Stuttgart (dpa/lsw) - Nach der angekündigten weiteren Corona-Zwangspause für die wenigen noch geöffneten Weihnachtsmärkte fordern die baden-württembergischen Schausteller finanzielle Hilfen, um durch den Winter zu kommen. Die meisten Weihnachtsmärkte seien erst kurz vor Beginn oder sogar während der offenen Phase abgesagt worden. «Die Vorlaufkosten müssen wir wieder reinholen, außerdem geht es um entgangene Erträge», sagte der Chef des Schaustellerverbands im Südwesten, Mark Roschmann, am Dienstag in Stuttgart. «Zum Teil waren die Fritteusen schon gefüllt und der Glühwein stand bereit. Da sind tonnenweise Lebensmittel und Material im Müll gelandet.»

Weihnachtsmarkt
Besucher eines Weihnachtsmarktes stehen an einem Verkaufsstand für Christbaumschmuck. Foto: Moritz Frankenberg/dpa/Symbolbild
Stuttgart.

Der Stuttgarter Weihnachtsmarkt war erst zwei Tage vor Beginn aus Angst vor den steigenden Ansteckungszahlen abgesagt worden. Zuletzt waren unter anderem auch die Märkte in Freiburg und Pforzheim vorzeitig beendet worden.

Roschmann betonte, die Branche finanziere das weitgehend veranstaltungsfreie erste Quartal eines Jahres mit den Erträgen aus den Weihnachtsmärkten. «Deshalb brauchen wir entweder einen 100-prozentigen Ausgleich in Höhe des Umsatzes aus der Vergleichszeit 2019 oder finanzielle Hilfen analog zu den November- und Dezember-Hilfen des vergangenen Jahres», sagte er.

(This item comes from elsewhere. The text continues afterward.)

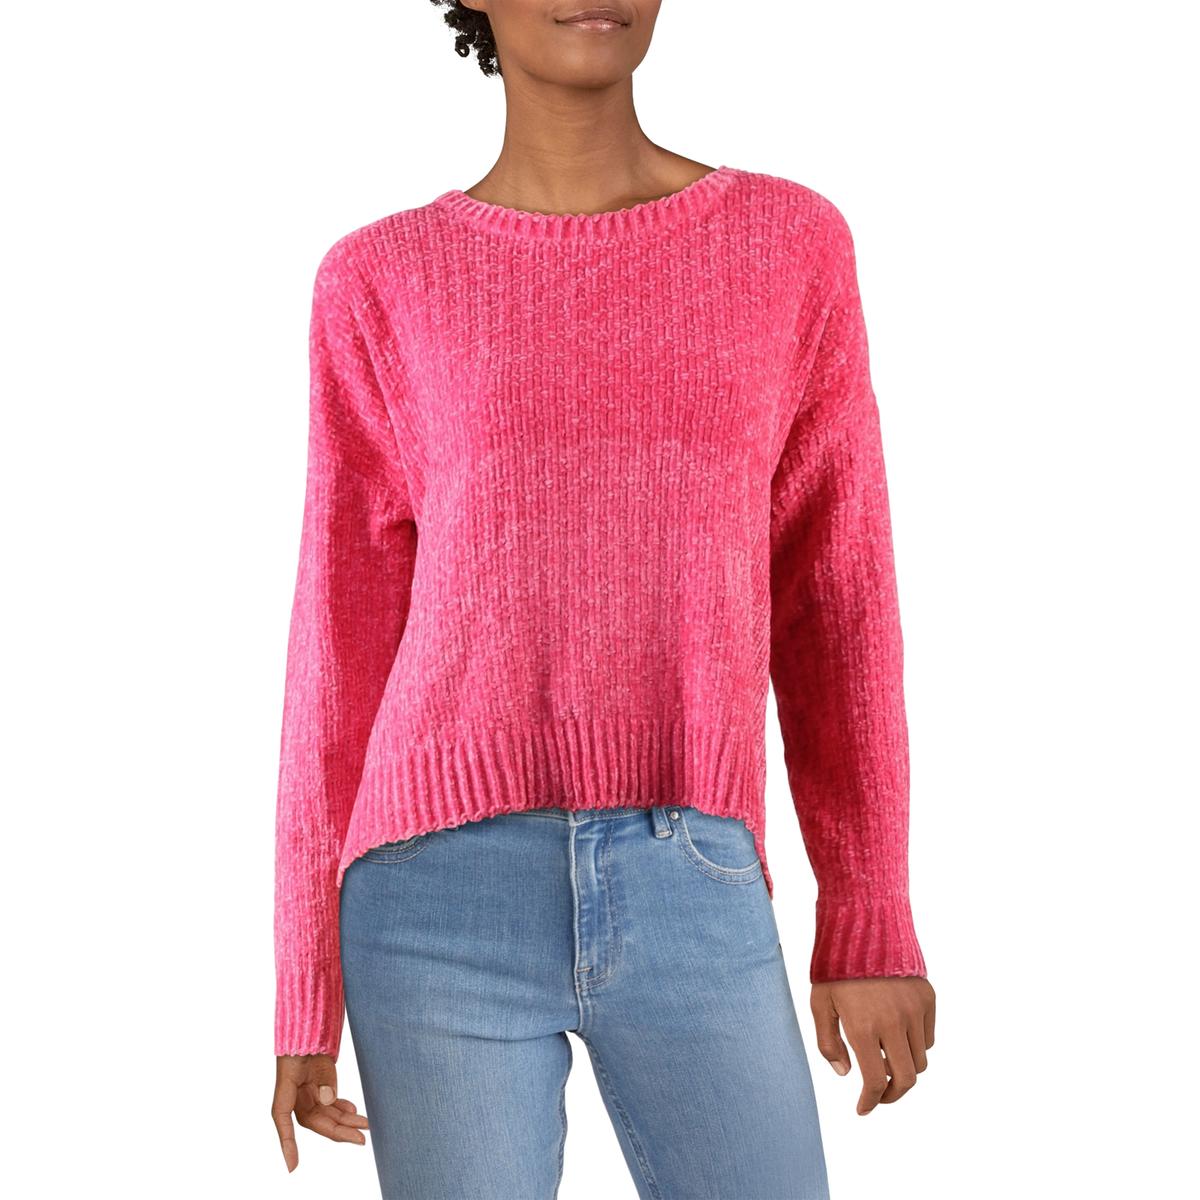 Cliche Womens Chenille Cropped Pullover Crewneck Sweater BHFO 5135 | eBay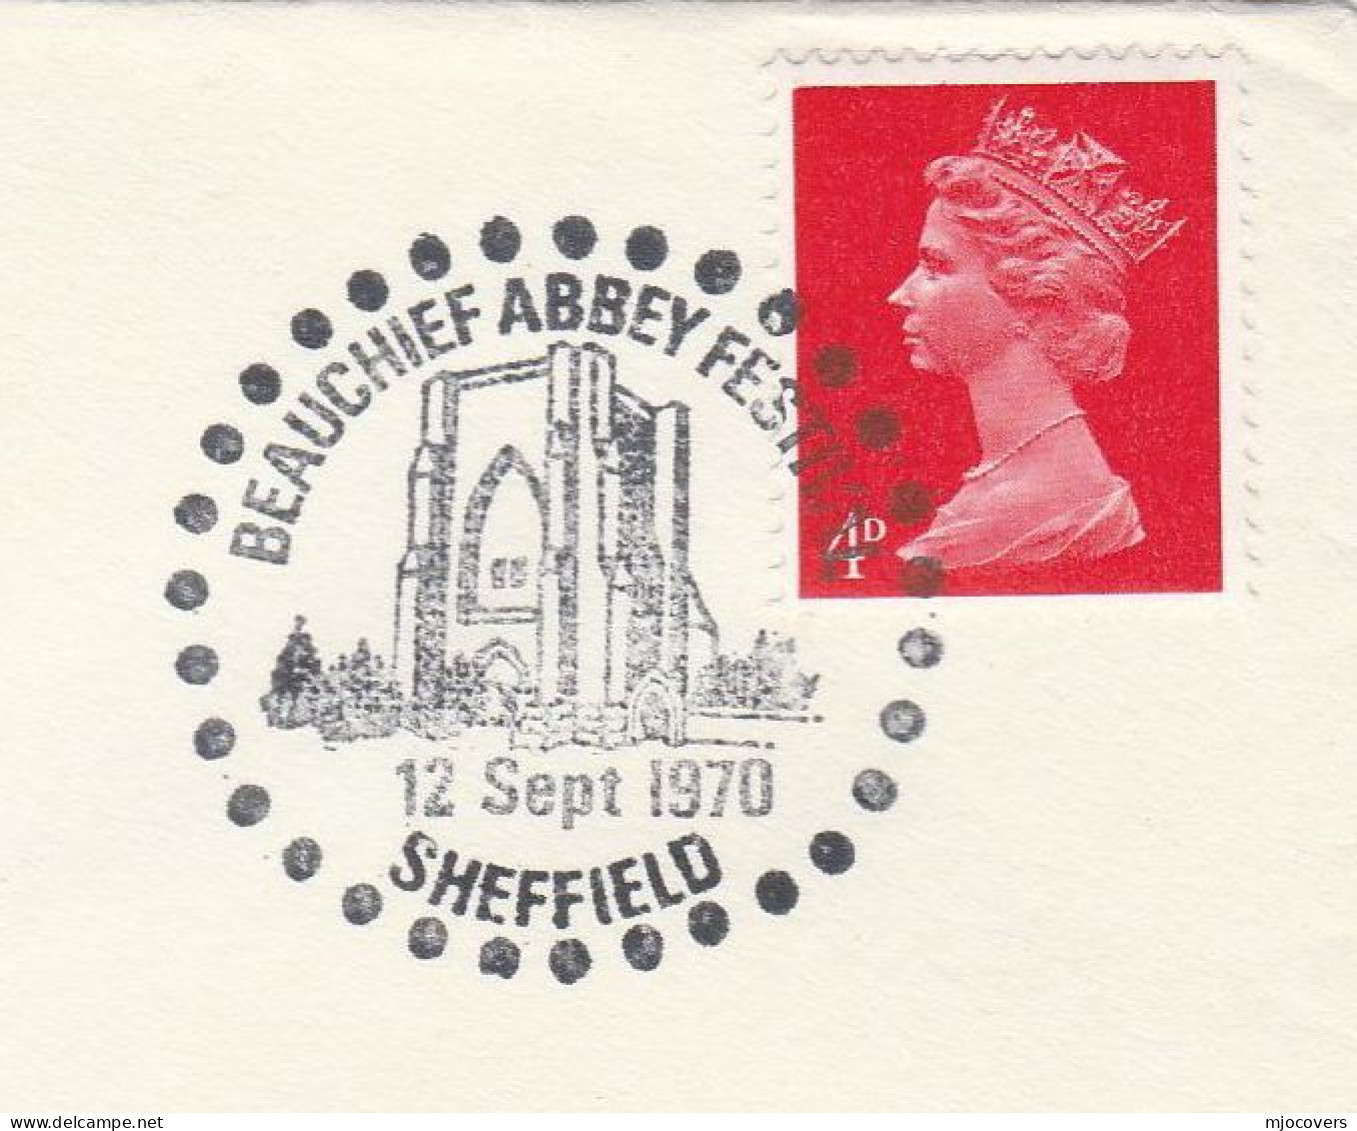 1970 Beauchief ABBEY Festival Sheffield Event Cover Gb Stamps Religion Church - Abbazie E Monasteri

Zuvor hatte auch der Präsident des Landesverbands Schausteller und Marktkaufleute (LSM) Baden-Württemberg, Werner Burgmeier, Mittel und Hilfen von Bund, Land und Kommunen gefordert. Allerdings ist unklar, wer solche zusätzlichen Hilfsgelder zahlen könnte.

Ministerpräsident Winfried Kretschmann (Grüne) hatte am Dienstag angesichts der sich zuspitzenden Corona-Lage eine scharfe Einschränkung öffentlicher Veranstaltungen angekündigt. Das betreffe auch Weihnachtsmärkte. Die neue Verordnung soll in den kommenden Tagen in Kraft treten.